Она пошла, и он последовал за ней. Время от времени она останавливалась, но он мягко побуждал ее идти дальше.
После зигзагообразного курса свыше полумили она остановилась.
Перед ними стоял маленький лес из кустов выше Вольфа. Листья ветвей одного куста переплетались с листьями соседних. Листья были широкими и напоминали формой слоновые уши, светло‑зеленые, с широкими красными прожилками и кончавшиеся ржавыми цветками лилий.
– Она там, – показала Хрисенда. – Я видела, как гворлы поймали ее и уволокли в эти кусты. Я пошла следом. Я…

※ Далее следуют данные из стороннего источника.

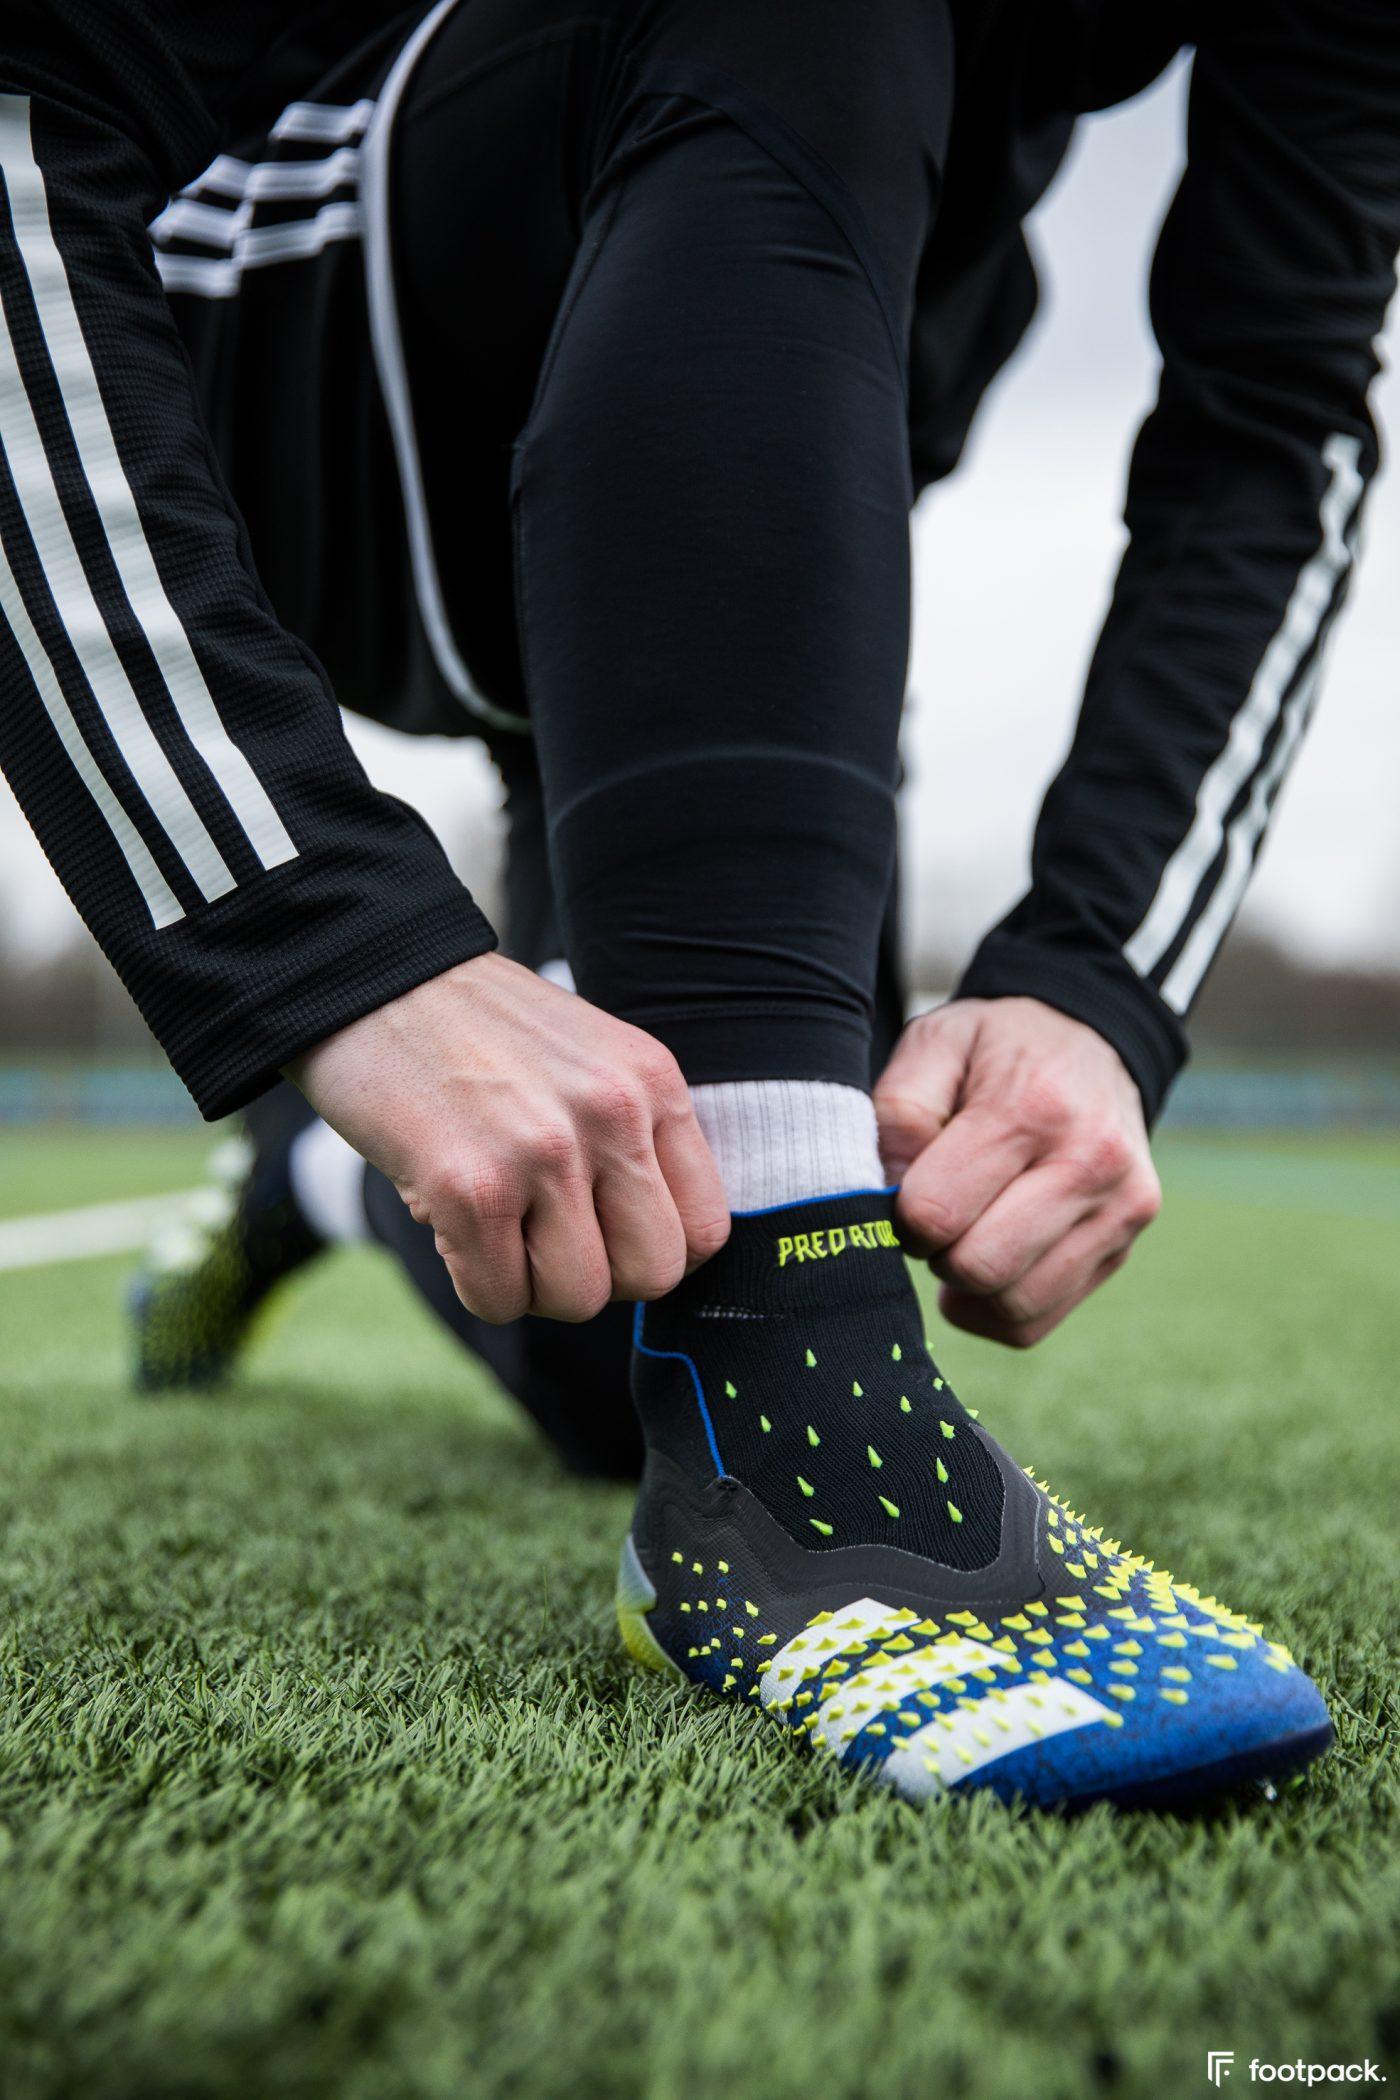 test-adidas-predator-freak+-footpack-45

Она больше не могла говорить.
Вольф с ножом в руке оттолкнул в сторону ветви кустов. Он оказался на естественной поляне. Посередине ее на короткой траве лежали разбросанные кости женщины‑человека. Кости были серыми и лишенными мяса и носили следы мелких зубов, по которым он понял, что до нее добрались двуногие лисицы‑мусорщики. Он не испытал ужаса, но мог себе представить, что должна была чувствовать Хрисенда. Она, должно быть, увидела часть того, что имело место, вероятно изнасилование, а потом убийство.
Она прореагировала, как и все другие обитатели Сада.
Смерть была чем‑то ужасным, что обозначающее ее слово давным‑давно стало табу, а потом выпало из языка.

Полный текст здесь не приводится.